Thomas Jefferson called the seventeenth century political philosopher John Locke one of the “three greatest men who ever lived.” Locke said that “whenever legislators endeavor to take away and destroy the property of the people, or reduce them to slavery under arbitrary power, they put themselves into a state of war with the people.”
The timelessness of Locke’s stark warning is affirmed by Louisiana Senate Bill 353 authored by Republican Senator Sharon Hewitt. In fairness, Hewitt has both authored and supported some good bills that have served Louisiana citizens well. SB 353 is not among them.

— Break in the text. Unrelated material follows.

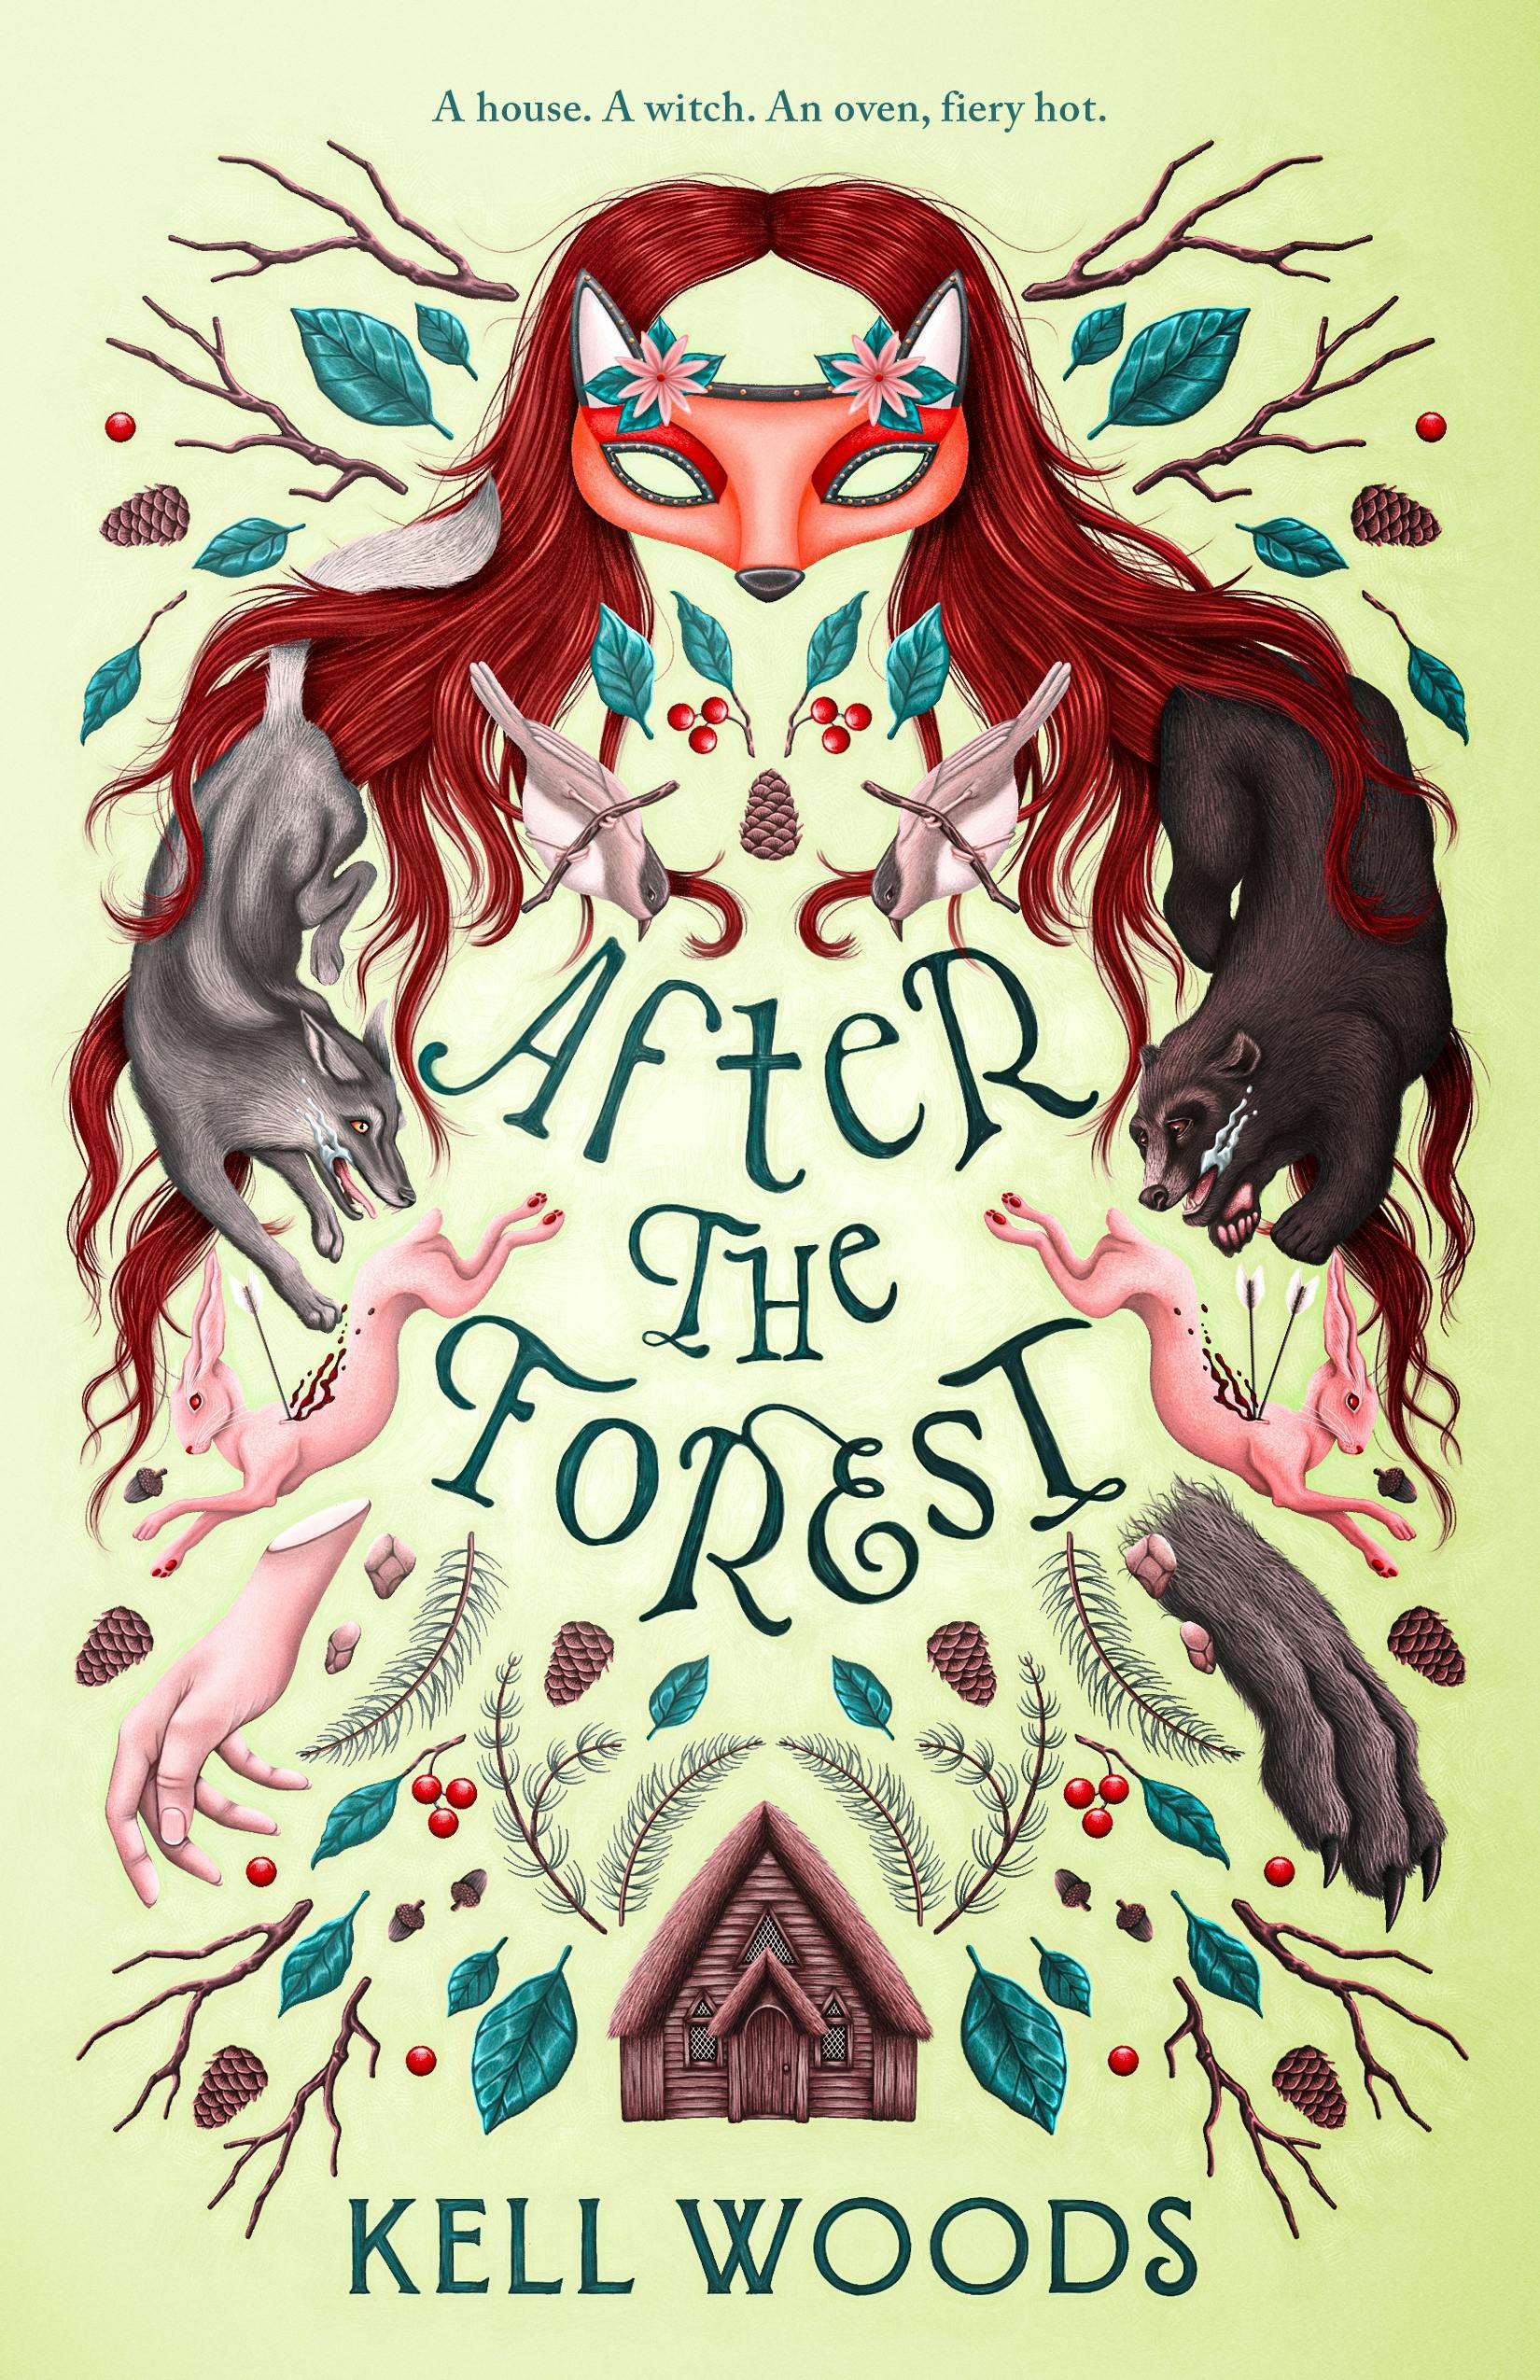 Cover for the book titled as: After the Forest

It is a hideous piece of legislation that eviscerates the rights of Louisiana landowners under the thinnest of legal and environmental pretexts and allows multi-billion-dollar energy companies to get richer.
Hewitt, Representative Buddy Mincey, whose presence on the House Natural Resources Committee helped the Bill pass out of Committee, and every other Louisiana lawmaker who facilitated this obscene legislative injustice should be forced to sit across from affected Louisiana property owners and justify it.
The constitutionally recognized doctrine of eminent domain authorizes the government, under certain circumstances, to buy private property for fair market value when such purchase facilitates a clear public benefit such as transportation, water supply, or other vital public infrastructure. Most Americans recognize the validity of the doctrine when fairly exercised.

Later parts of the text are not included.